My motivation for stepping in here is that I would hate to see DCAT get too expressive: more skill in the vocabulary will harm adoption for simple catalogues given the perception of it being "heavyweight" and broad adoption is more important to me that deep skill.

Anyway, there are already many Semantic Web ways to model versioning issues (e.g. PAV) that are DCAT-compatible. So use DCAT for the catalogue and drop down into fine-grained versioning in PAV, SDMX/QB etc. as needed.

tfrancart commented 2 years ago

If a classification system (A) is coherent and covering (non-overlapping, no gaps) for its scope, if an individual class (C1) in the system is updated such that it changes the classification of other entities, then the update is breaking, and the classification system with the new concept (C1) MUST be identified as a new classification system (B)

I agree but this is NOT what the original use-case describes. The use-case is that a class in a given classification system A is described with explanatory notes, and these explanatory notes changes over time, but this does not lead a reclassification of entities, so we are not creating a new classification system B. And the history of the notes is kept.

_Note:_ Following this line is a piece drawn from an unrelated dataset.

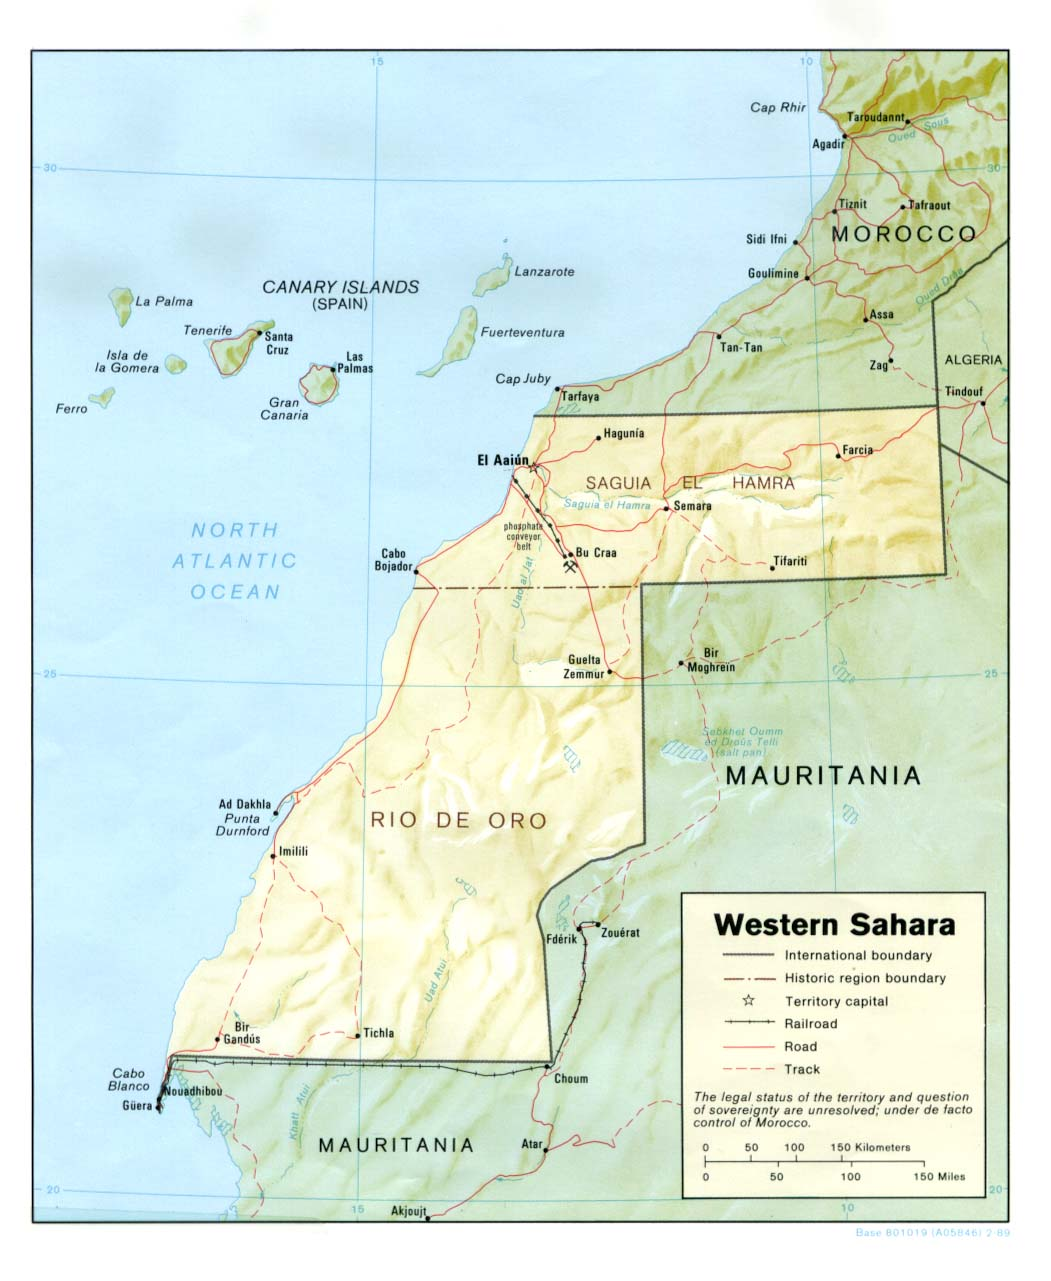 Western Sahara Republic Maps PerryCastañeda Map Collection UT - democratic republic of the clickable map

So basically, the question is what would be the recommended practice between:

  1. Keeping a single Dataset and multiple distributions, some distributions with full note history, some distributions without complete history of notes (just the latest version). And in that case how to identify/link/tag note-history-complete-distributions vs. only-current-note-version-distributions.
  2. Declaring 2 different Datasets : ex:classificationA-WithFullNoteHistory and ex:classificationA-WithOnlyMostCurrentNotes, and how to identify/link/tag those 2 datasets

For more details and regarding what XKOS suggests in terms of versioning of notes in statistical classification, see http://linked-statistics.github.io/xkos/xkos-best-practices.html#bp-notes-versioning-timestamping

smrgeoinfo commented 2 years ago

Just my opinion, but to me, if the changes do not cause reclassification of entities (or introduction of new subcategories), then it would make sense to me to have one distribution with all the notes (assuming they are time stamped in some way).

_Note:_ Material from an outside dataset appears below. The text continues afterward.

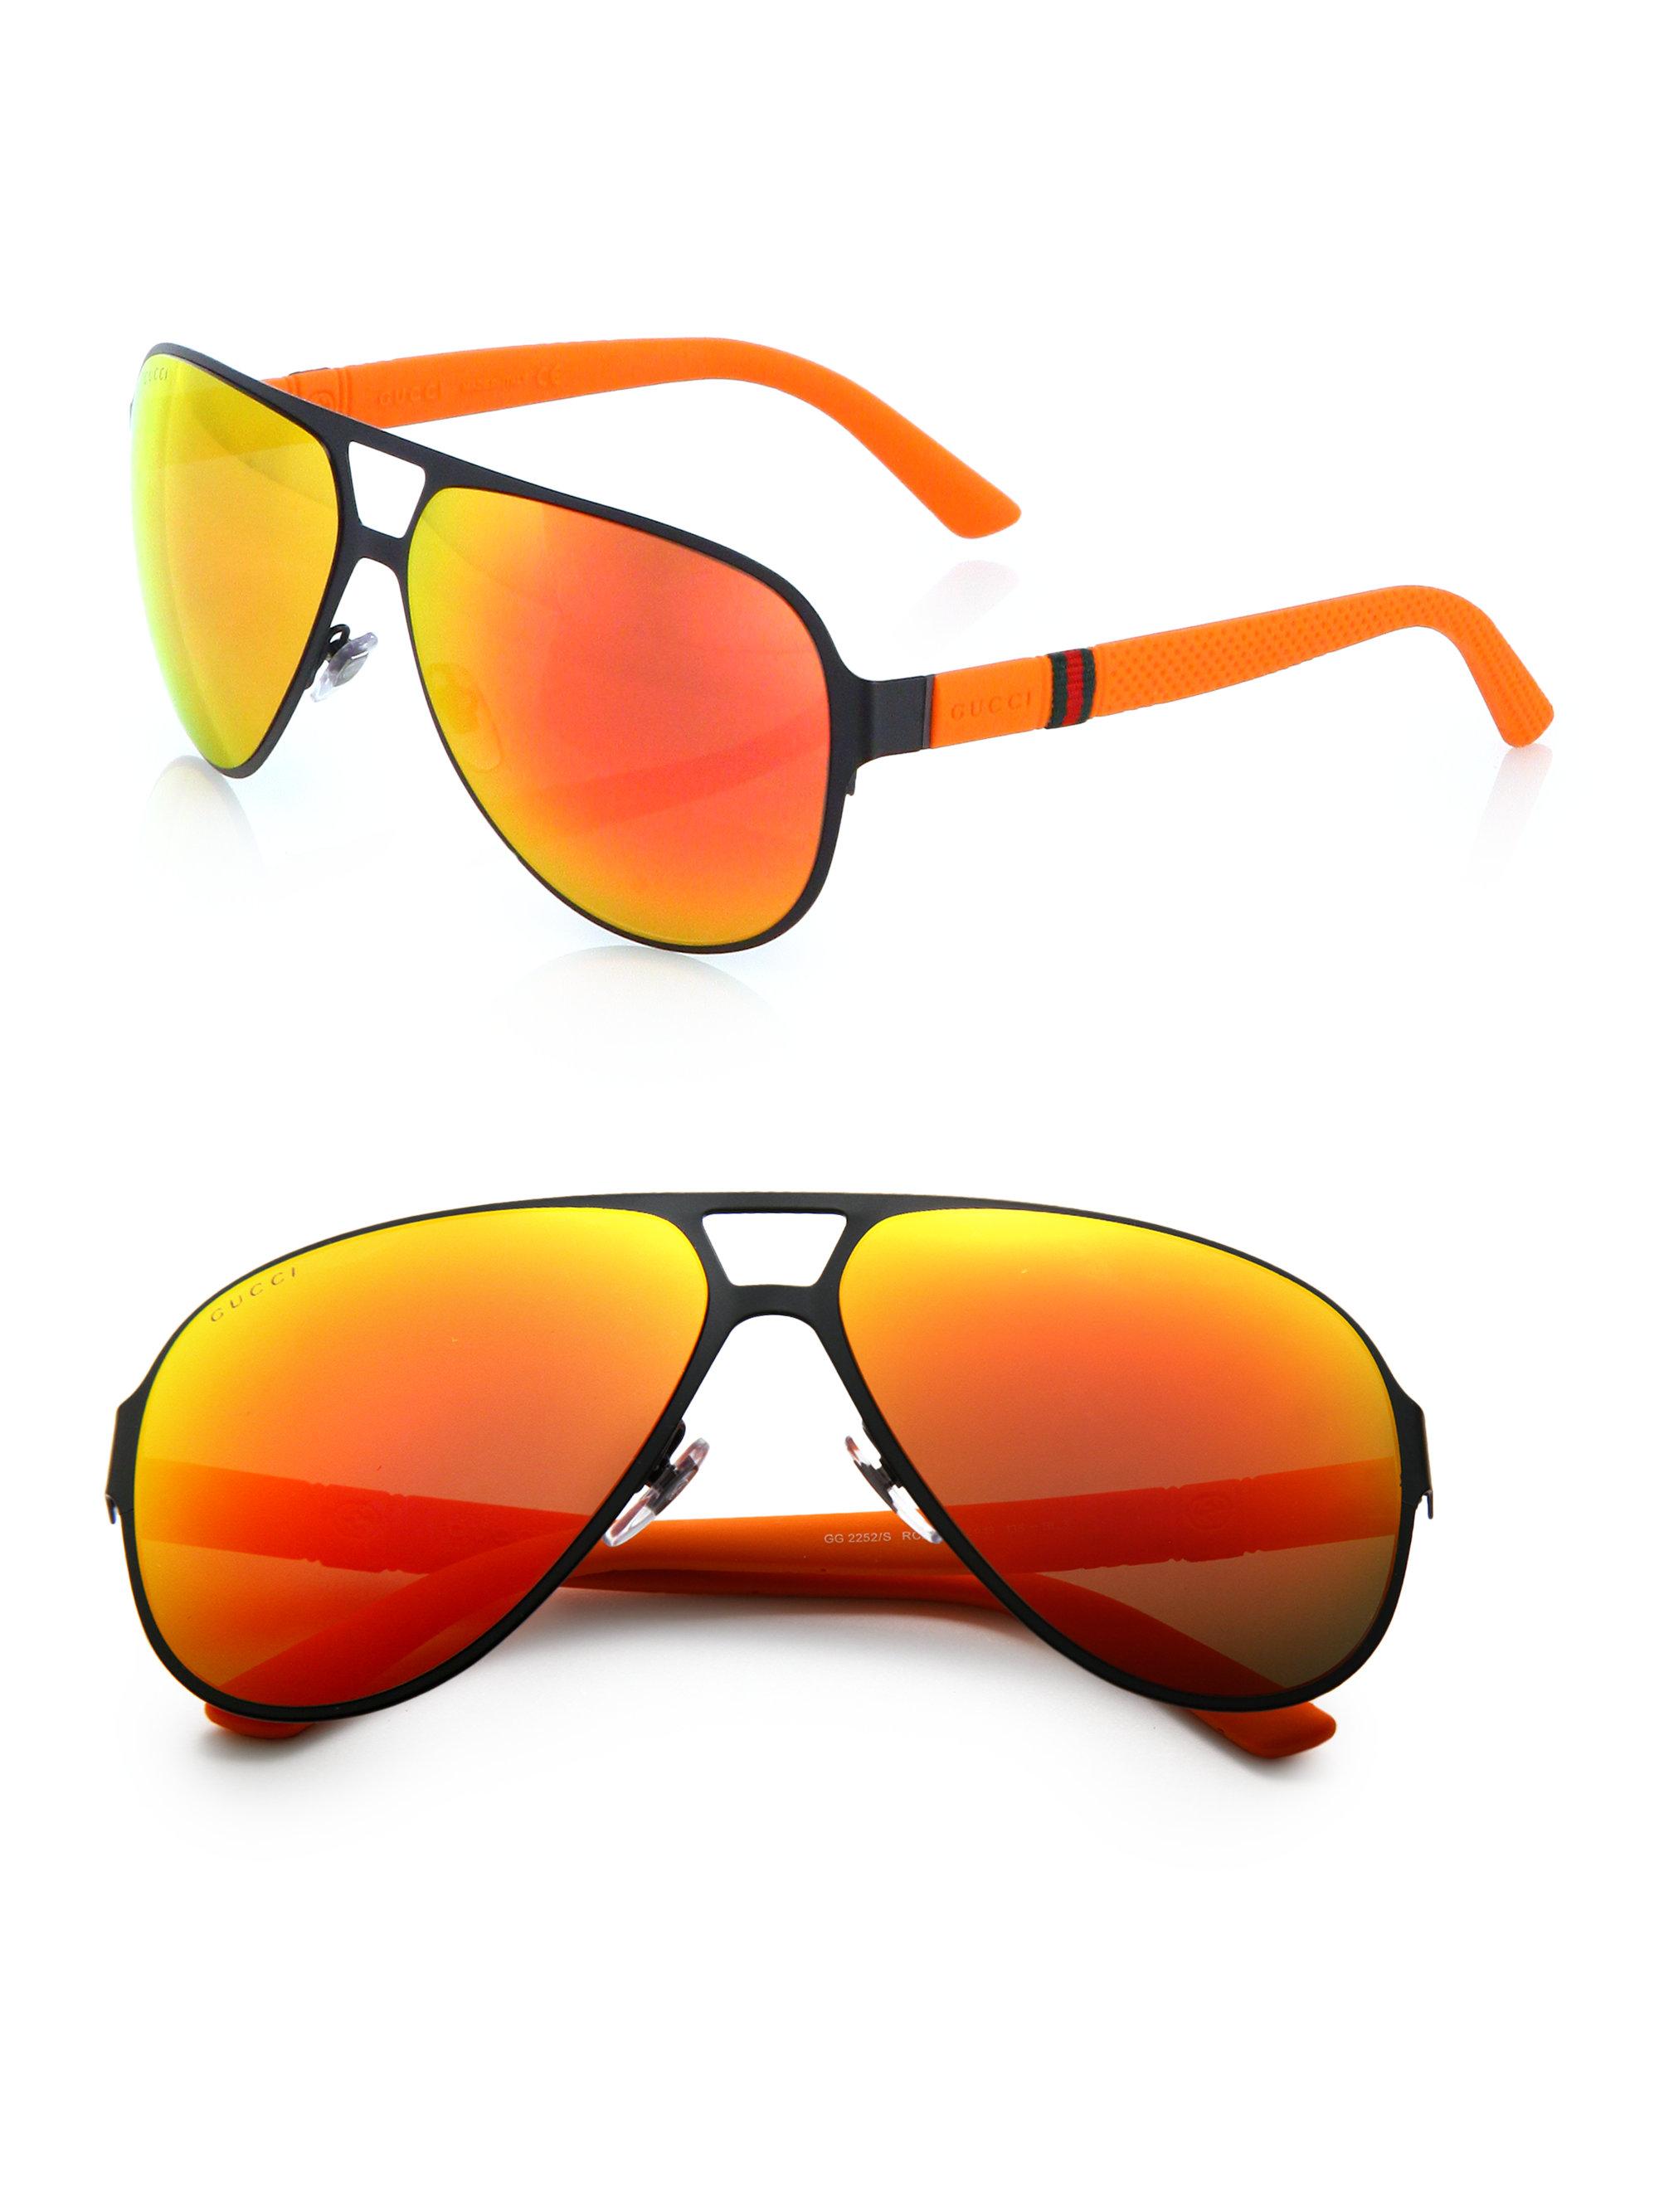 75753a5e0d Gucci Aviator Sunglasses Yellow Leopard - Restaurant and Palinka Bar

tfrancart commented 2 years ago

Just my opinion, but to me, if the changes do not cause reclassification of entities (or introduction of new subcategories), then it would make sense to me to have one distribution with all the notes (assuming they are time stamped in some way).

Yes notes are timestamped (see link sent previously for details). Yes we want to have one distribution with all the notes. But we are also considering providing another distribution with only the most recent note of each concept, and not the full note history; we think it can be easier for data consumers if they don't have to query the note history to simply retrieve the current note.

And so the question is : would this be 2 distributions of the same dataset ? or 2 datasets (but this may not be practical for reusers) ? and how to identify/link/tag those distributions or datasets ?

riccardoAlbertoni commented 2 years ago

Before further studying, I noticed that http://linked-statistics.github.io/xkos/xkos-best-practices.html#issue-container-number-12 seems to have disappeared from your draft document. Should we assume you have already resolved your doubts?

Can we close this issue?

tfrancart commented 2 years ago

For the moment we have simply differed the answer and we have actually referred to this very issue; here is how the XKOS best practices document now reads:

These versions containing the history of all notes are considered as different distributions of the datasets. They should be described by specific properties. Here we use rdfs:comment for describing and discriminating the distributions, given a lack of other modeling alternatives in DCAT (as of september 2022; this was raised in this DCAT issue). Other information is given by the dcterms:temporal metadata that has a larger span for the distributions containing all the note changes.

Exact pointer : http://linked-statistics.github.io/xkos/xkos-best-practices.html#bp-publishing-classification

So, no I don't think the issue should be closed.